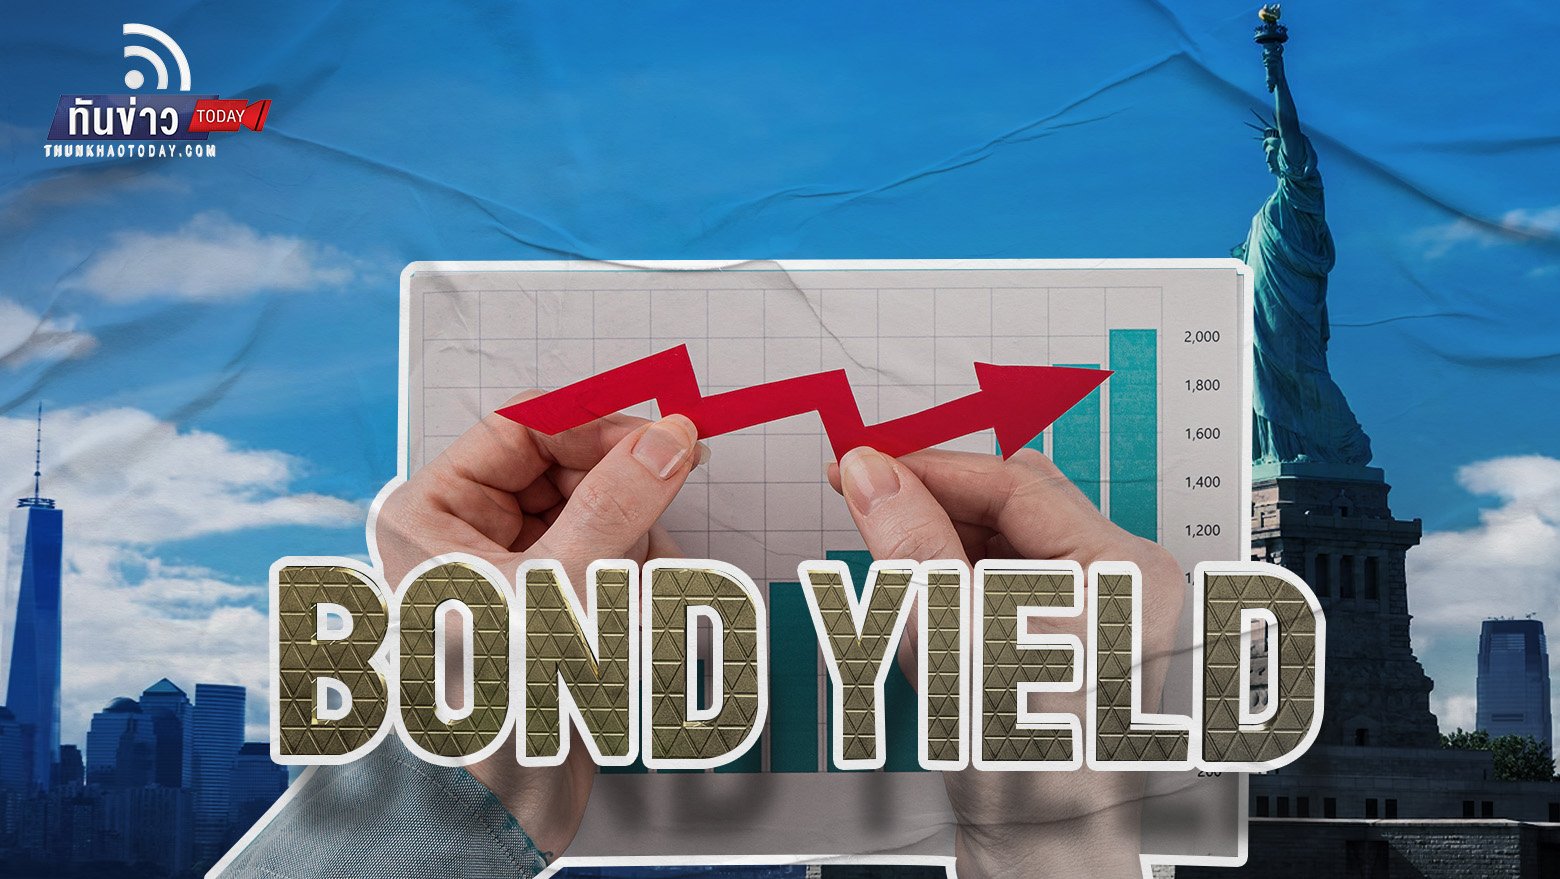 Bond Yield สหรัฐฯ พุ่งสูงสุดในรอบ 17 ปี หลัง Fed ส่งสัญญาณขึ้นดอกเบี้ย
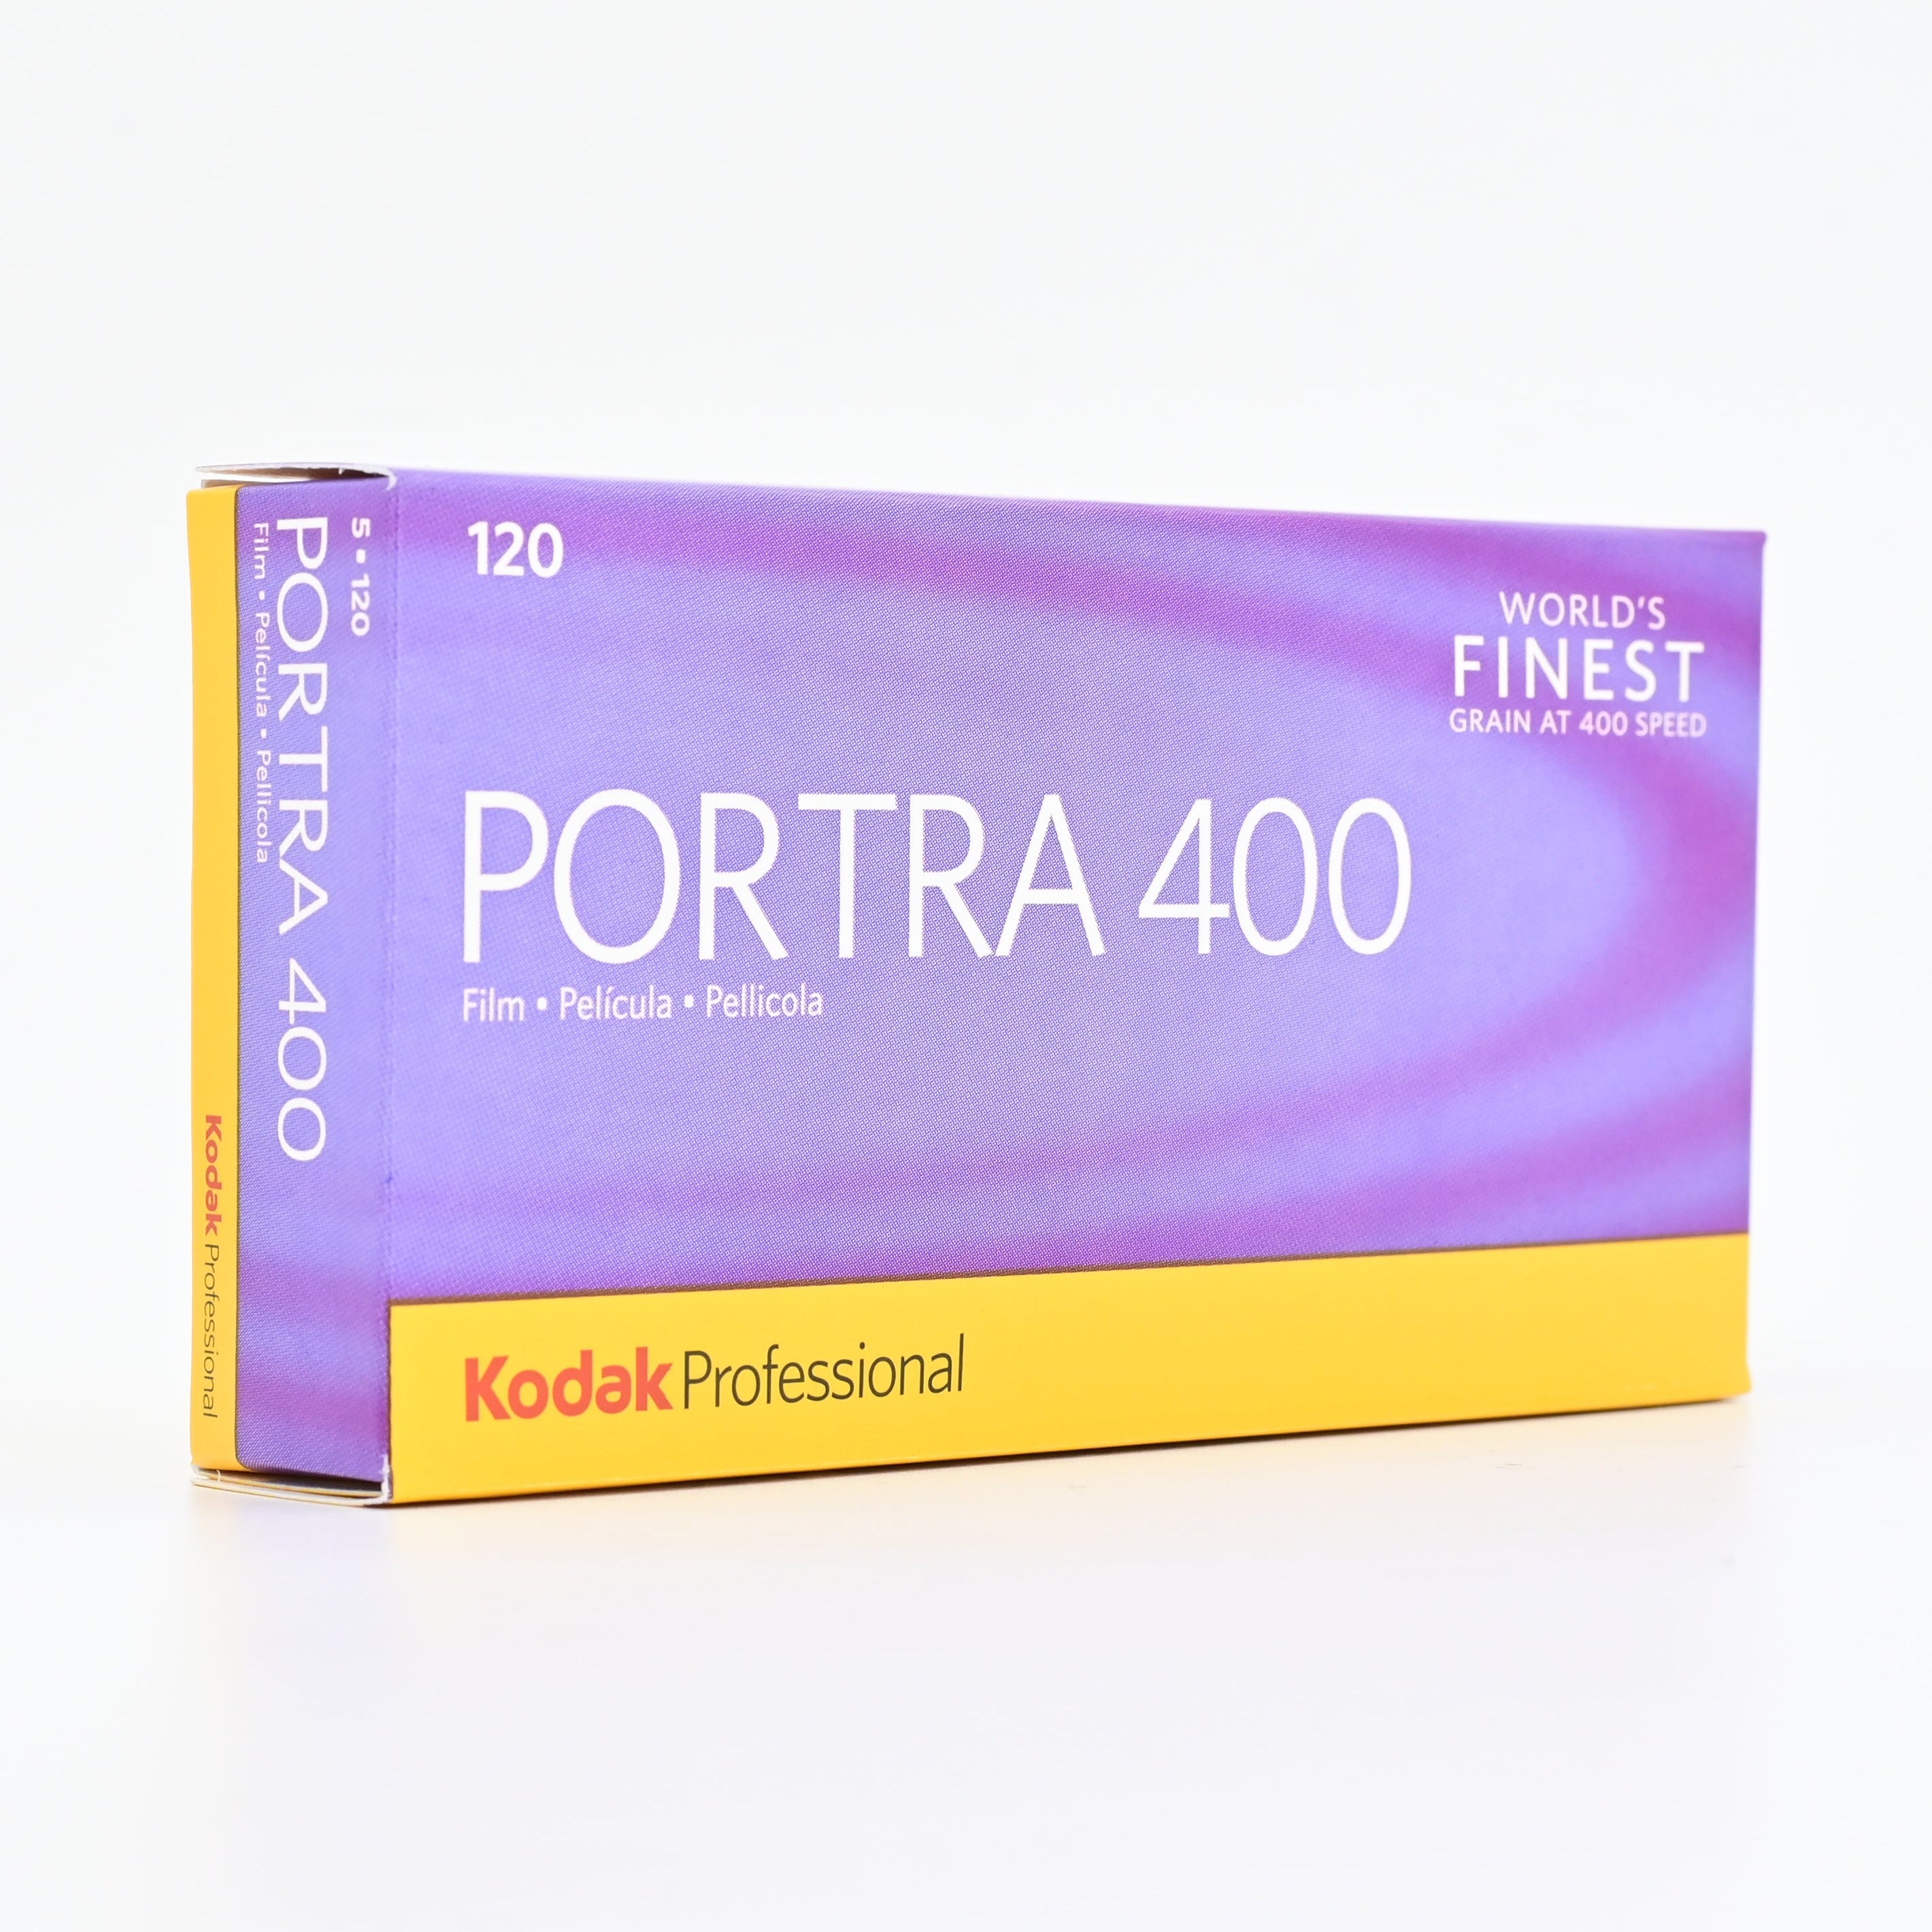 現貨] Kodak Portra 400 120 Film 熱門專業級菲林顆粒細膩人像拍攝表現膚色亮麗及保留畫面細節泛用度高適合全天候室內室外使用
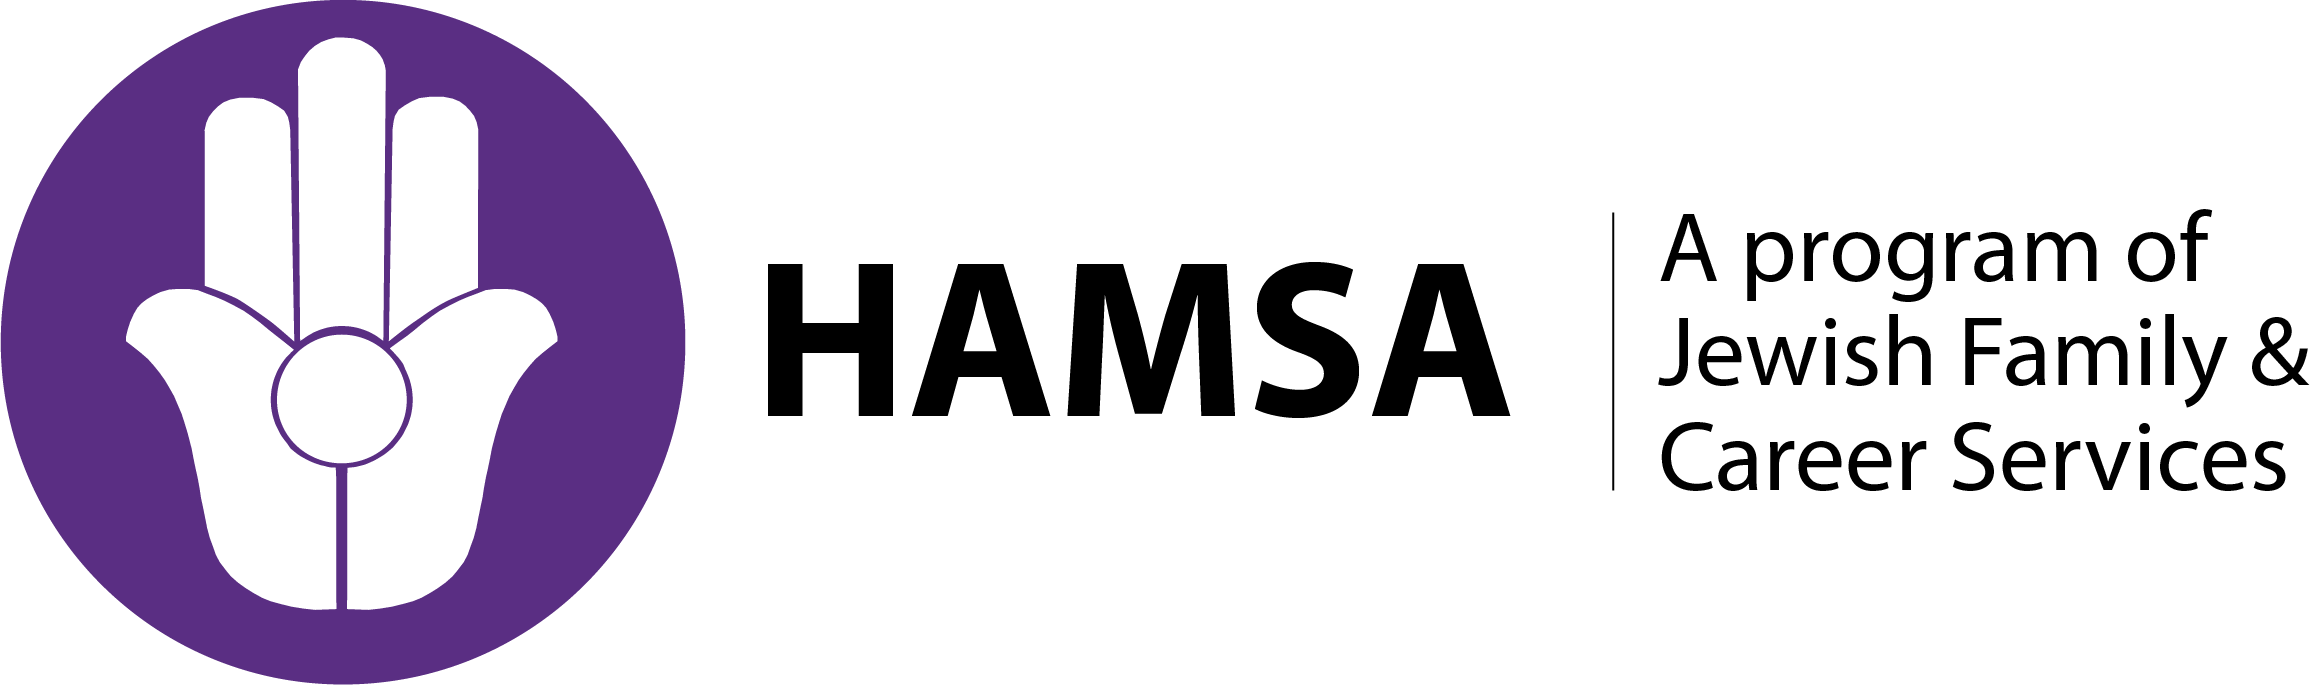 HAMSA - Helping Atlantans Manage Substance Abuse
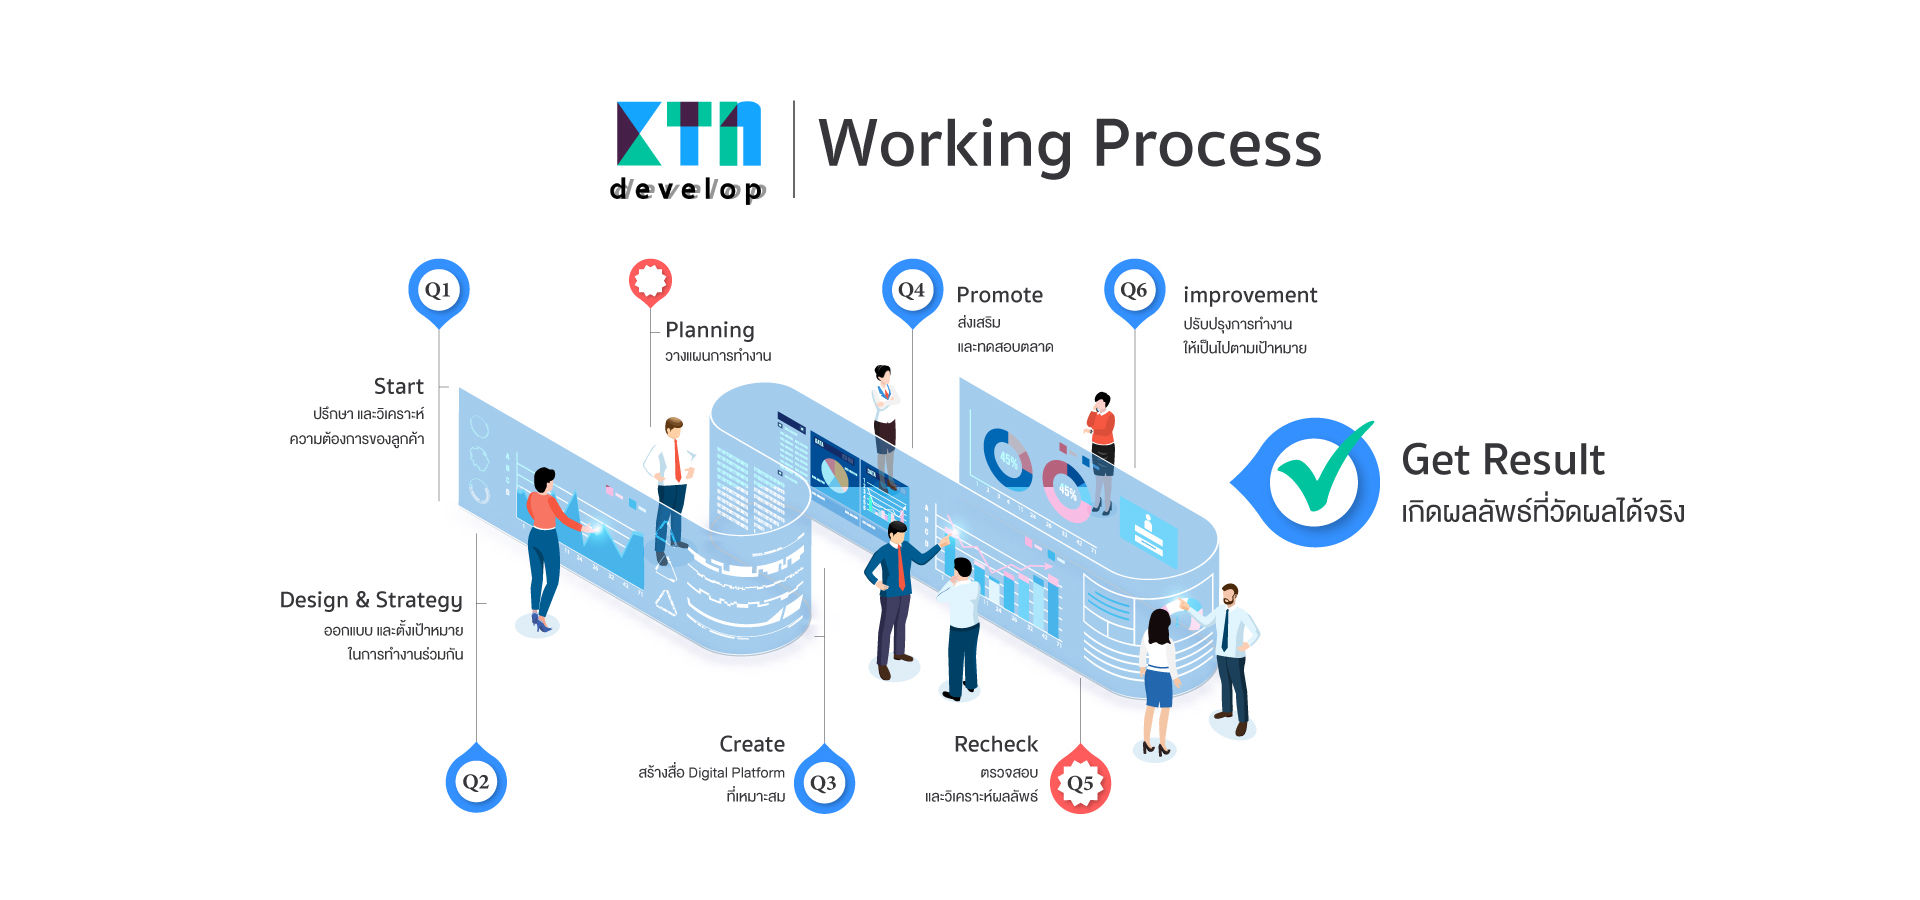 Ktn webdesign working Process

-=-=-

:: Problem description ::
Please print exactly the lines running from the line with "HAMSA - Helping" through the final line of the material, and nothing more. Keep pictures out.

:: Your solution ::
 HAMSA - Helping Atlantans Manage Substance Abuse
 Ktn webdesign working Process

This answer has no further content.